Si la notion d'« influenceur » est critiquée par les interviewés eux-mêmes qui en soulignent les limites, celle de l' « expert » participe d'un processus de singularisation dont le premier enjeu est de se différencier, d'atteindre ce statut d' « expert » et d'acquérir un nom. Cette quête d'expertise connaît actuellement un renouveau, à travers sa mise en visibilité, relevant de l'essor de ces « dispositifs communicationnels qui l'exposent publiquement » (Léglise et Garric, 2012 : 2). Elle fait partie de l'idéologie de la réputation privilégiant le modèle d'un usager-curateur qui par la qualité de son tri gagne en réputation. Cette légitimité, issue d'une reconnaissance par d'autres d'un savoir-faire, est confrontée à un processus de crédibilisation consistant à devoir montrer ou apporter la preuve qu'on a un pouvoir de faire (Charaudeau, 2005, cité par Léglise et Garric, 2012).

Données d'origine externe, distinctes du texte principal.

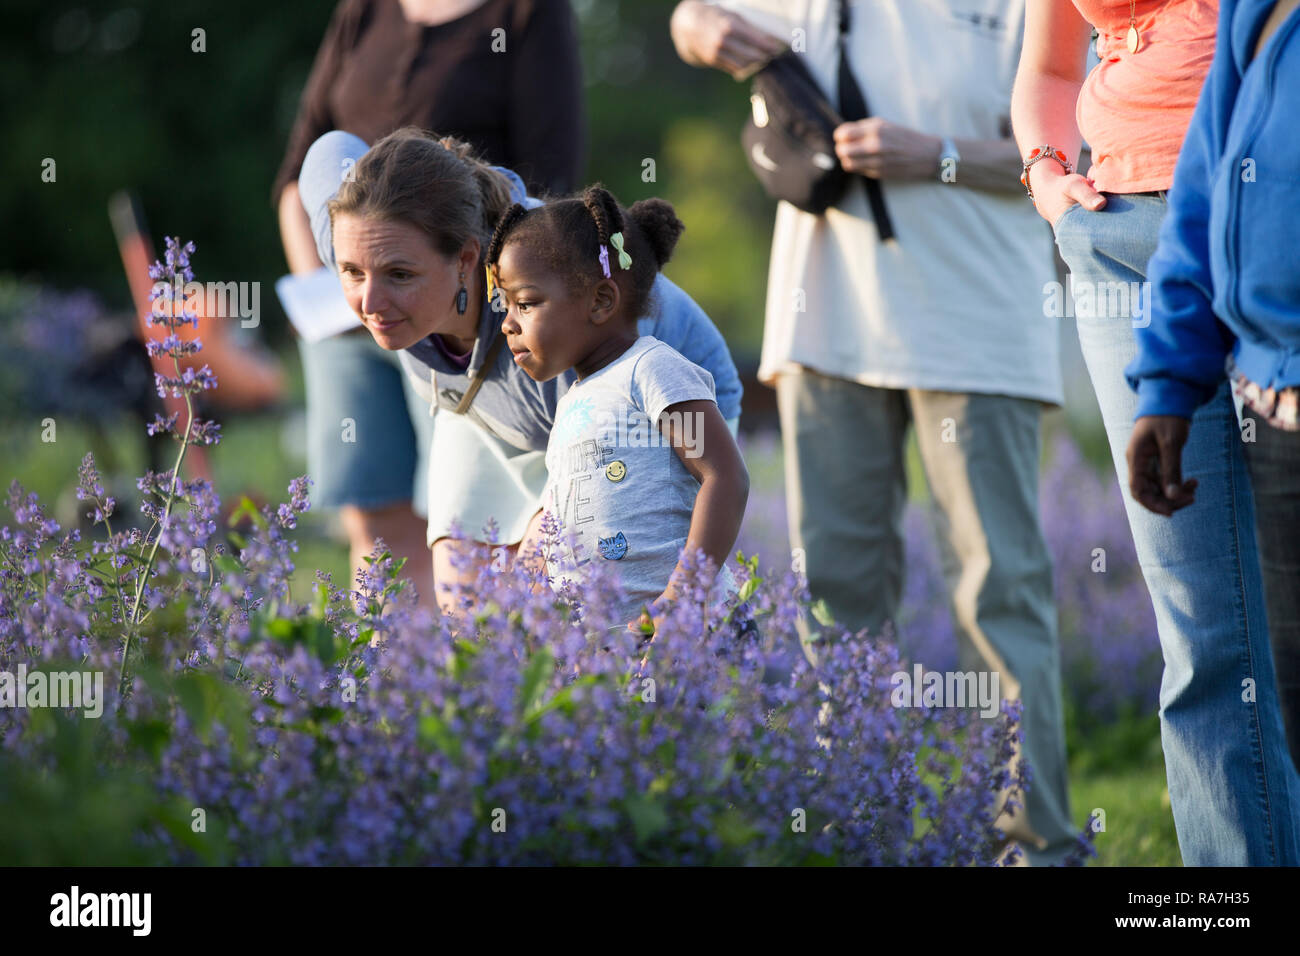 Eine Frau mittleren Alters beugt sich über etwas mit einem jungen Mädchen in einer Gemeinschaft Blumengarten zu sehen Stockfoto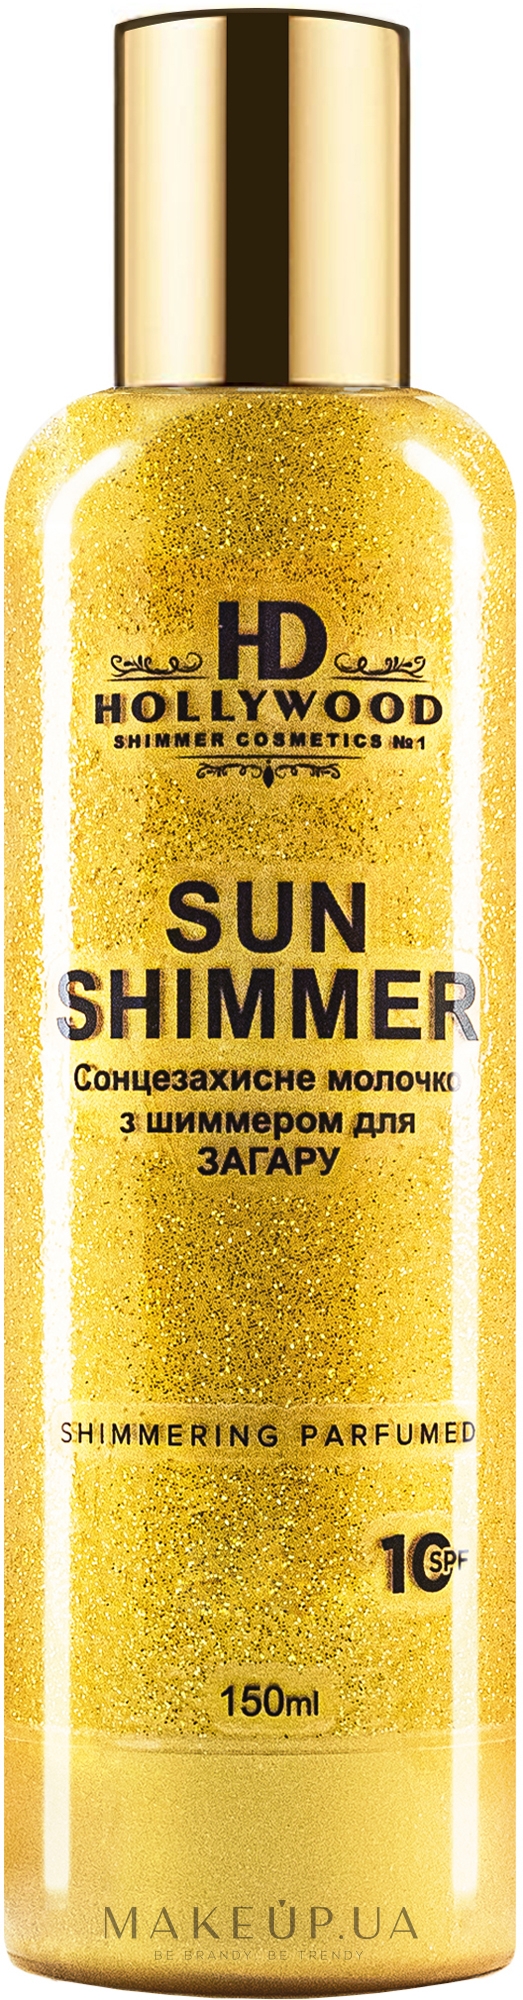 Молочко для засмаги з шимером - HD Hollywood Sun Shimmer Body Milk SPF 10 — фото 150ml

Cette évolution conduit ainsi à l'instrumentalisation des pratiques précédemment analysées, à l'importance pris par les classements et pose plusieurs questions dont celle de l'instance d'évaluation qui donne la qualité d' « expert » (les pairs et les médias principalement) ; celle des objets d'expertise ou encore celle de son espace de pertinence.
Cette analyse des mécanismes de construction de l'e-réputation sur Twitter à travers les pratiques instrumentalisées de professionnels de la visibilité doit être poursuivie. Il est ainsi possible d'approfondir l'étude de la circulation de la réputation entre dispositifs du Web social ; entre la présence en ligne et des actions hors-ligne. Cette analyse partirait du constat qu'il est de plus en plus difficile de séparer réputation et visibilité ainsi que autorité et popularité. Pour répondre à cet objectif, la prise en compte des spécificités des plates-formes du Web social semble essentielle ainsi que les notions de « capital de visibilité », de fragilité de l'e-réputation ; de médiations de l'e-réputation en prenant en compte les institutions proposant des mécanismes d'évaluation de la réputation, les méthodes et les calculs, les formats sémiotiques aboutissant à la proposition d'un classement. Il apparaît également important de saisir qu'il est difficile d'animer une présence en ligne sur plusieurs plates-formes en même temps. La synchronisation des comptes n'est pas une solution perçue comme efficace car ne répondant pas aux attentes différentes des usagers selon les plates-formes. Une analyse en termes de filiation d'usages permettrait également de mesurer la place de Twitter dans le partage de contenus et notamment dans celui des résultats de veille avec d'autres dispositifs antérieurs tels que les forums et les blogs. Ce travail à réaliser viserait à analyser les schèmes d'articulation (complémentarité, concurrence, interdépendance, solidarité, dissonance etc.) entre dispositifs.